Sheila was – along with Diana Mason – one of the first ‘glamour’ girls of eventing, which was not an unmixed blessing at the time, since as a woman she was denied the place that she undeniably deserved in the British Olympic Team.
Sheila Willcox was a pioneer in so many fields, and the habit of combining writing and riding, later to become a small industry in the days of Lucinda Green and Ginny Leng, also began with the publication in 1958, of Sheila’s book Three Days Running. Given that she was also writing for l’Année Hippique at the time, I have the feeling that she actually wrote the book herself without the aid of a ghost. It is exceptionally well written (especially since Sheila was 21 when she finished it), witty and insightful.
It’s also a charming book, and okay, no childhood can have been quite so blissful, but one thing is amazing and that is, Sheila’s ability to turn horses into winners. It began with her very first pony – Folly. In fact, the initial title for her book was Folly Began It.
Sheila was born in 1936 into a most un-horsey family: “entirely suburban, based on business and academic careers and given to rugger, tennis, golf and bridge-playing.”
That first pony was, of course, utterly unsuitable for a ten-year-old girl whose equestrian experience was with the ‘beach ponies’ at Lytham: un-broken and 18 months old! Somehow with the help of her brother, the pony was sufficiently rideable to be taken – at the age of two – to the local Agricultural Show.

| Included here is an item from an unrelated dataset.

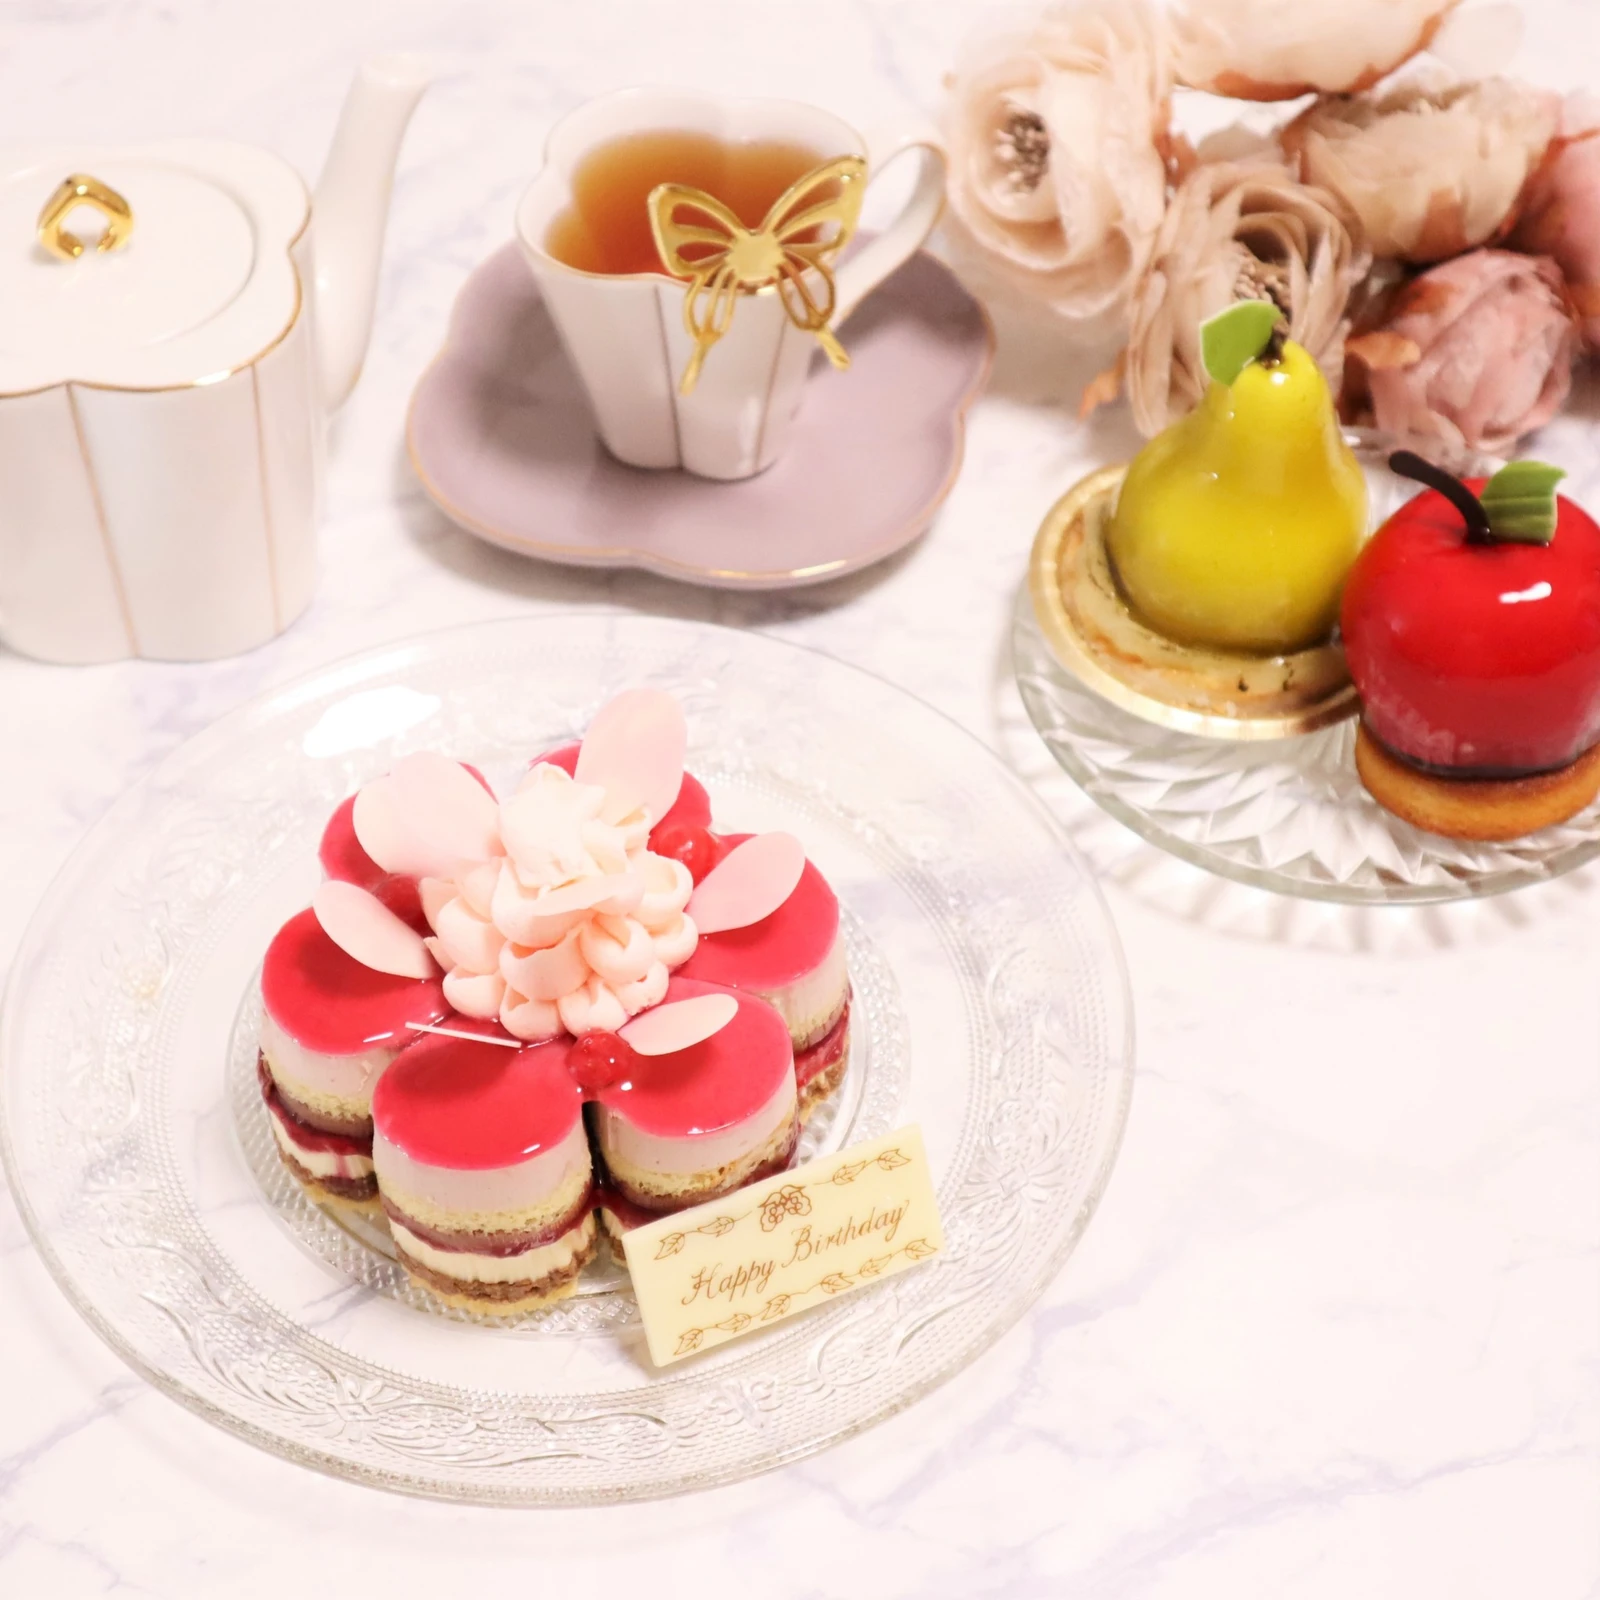 インスタ映えスイーツ フルーツやフラワーモチーフのフレッシュケーキでお祝い 久保居亜由美が投稿したフォトブック Lemon8

“Folly had her mane and tail washed and was given a special grooming. Then, with hooves blacked, she was proudly ridden by me to the show ground. The thought of a prize never entered my head, but to wear a number, to be called by name into the ring and walk, trot and canter round with the other ponies – this was halcyon bliss. An old man, with knowledgeable gleam in his eye, looked at us and said: ‘You can’t go into the ring like that.’ ‘Why not?’ said my father, all belligerent. ‘Well,’ said the old man, ‘the pony’s mane should be plaited.’ I looked with alarm at the smart hair-dos of the other children’s mounts and my heart sank. ‘Never mind,’ said the man, ‘we’ll hog it,’ and before our eyes he produced a large pair of scissors and proceeded to shave away what little mane there was. This performance must have put Folly into a trance, for she behaved like a veteran in the class. She was pulled in third, and finished second when number two disgraced himself by playing the bucking bronco. So I won my first rosette; no other has ever thrilled me so much, and at the same time I determined that no matter which branch of equestrianism I should eventually take up, I should strive to emulate the leaders.”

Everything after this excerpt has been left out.